Mais pour autant j'ai besoin de basculer par moments
dans mon autre monde, comme je le fais ce matin en écrivant ces lignes,
comme je l'ai fait hier en allant à la réunion de mon groupe de
l'Association pour l'Autobiographie.
En
sortant du bureau vers midi, je suis repassé à la maison, j'ai déjeuné
rapidement, je me suis changé, j'ai vidé ma sacoche des documents
professionnels, je l'ai remplie de ceux nécessaires à ma réunion
de l'après-midi. C'était assez jouissif de ressentir avec netteté
les étapes de ce basculement de ma personne professionnelle vers ma personne
privée, de mon temps contraint vers mon temps choisi. J'ai rejoint le RER
en traversant le Parc Montsouris. C'était agréable là aussi,
malgré le temps gris et humide, l'endroit est peu fréquenté
en ce début d'après-midi de semaine, quelques vieilles personnes
qui se promènent, quelques joggers mais si peu par rapport aux week-end,
pas d'enfants, le mouvement paisible des canards sur le petit lac, un grand calme,
je serai volontiers resté là un moment pour jouir de l'endroit,
du sentiment là encore d'être dans le sas entre ma vie professionnelle
avec ses contraintes et le temps de ma liberté. Mais il fallait me hâter
et filer vers la banlieue. Voilà, les stations défilent. Les quartiers
pavillonnaires remplacent les immeubles tassés, le tissu urbain se fait
plus lâche, les arbres plus présents. C'est un minuscule voyage mais
c'est un grand voyage dans ma tête et il est bienvenu.
Je me retrouve
chez notre hôtesse. Les autres sont déjà là, nous faisons
circuler entre nous les documents adressés au groupe, nous les commentons,
tout à l'heure chacun en remportera quelques uns chez soi pour les lire,
éventuellement pour en rédiger le commentaire. Des vies défilent.

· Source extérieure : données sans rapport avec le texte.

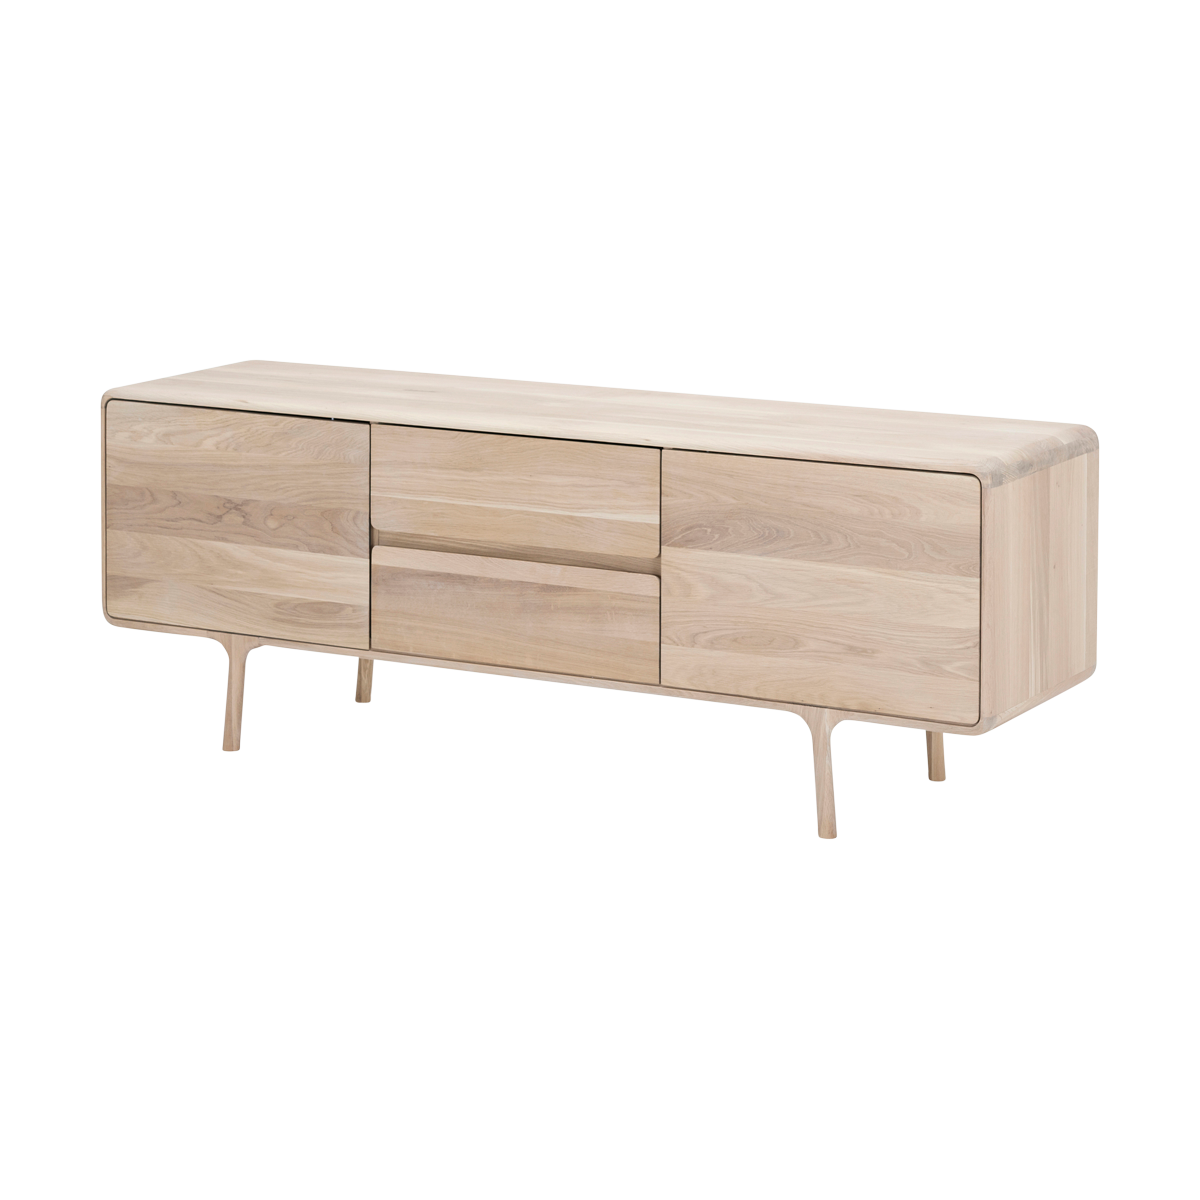 Fawn sideboard houten dressoir whitewash - 180 x 45 cm

J'ai embarqué les souvenirs d'une enfance pauvre dans un village de montagne
dans les années 20, une jeunesse dans une riche famille sépharade
en Algérie, un récit d'un artisan compagnon du Tour de France reconverti
dans le tourisme rural dans un hameau quasi reconstruit de ses mains
Une
infime parcelle du kaléidoscope de la vie. J'aime ça, cette variété
des expériences mais aussi des styles, des façons de se dire ou
de se dérober. Tout évidemment n'est pas intéressant, il
y a des personnages attachants et d'autres à qui le sont moins à
cause d'un ego boursouflé ou parce que des problèmes non maîtrisés
envahissent leur écriture au point de la rendre peu accessible. Exactement
d'ailleurs comme ce que l'on rencontre dans le diarisme en ligne. Mais se rajoutent
dans ces documents évoquant des temps révolus un apport historique
qui ne peut être présent dans les journaux en ligne expression du
présent.
Je reviens chez moi porté par cette promenade loin
de mon quotidien. Elle m'a fait du bien. Même si je retrouve en rentrant
ma difficulté à gérer tout ce que je dois/veux faire.
Allez,
c'est dit, je ne repense pas au boulot, au moins jusqu'à dimanche midi.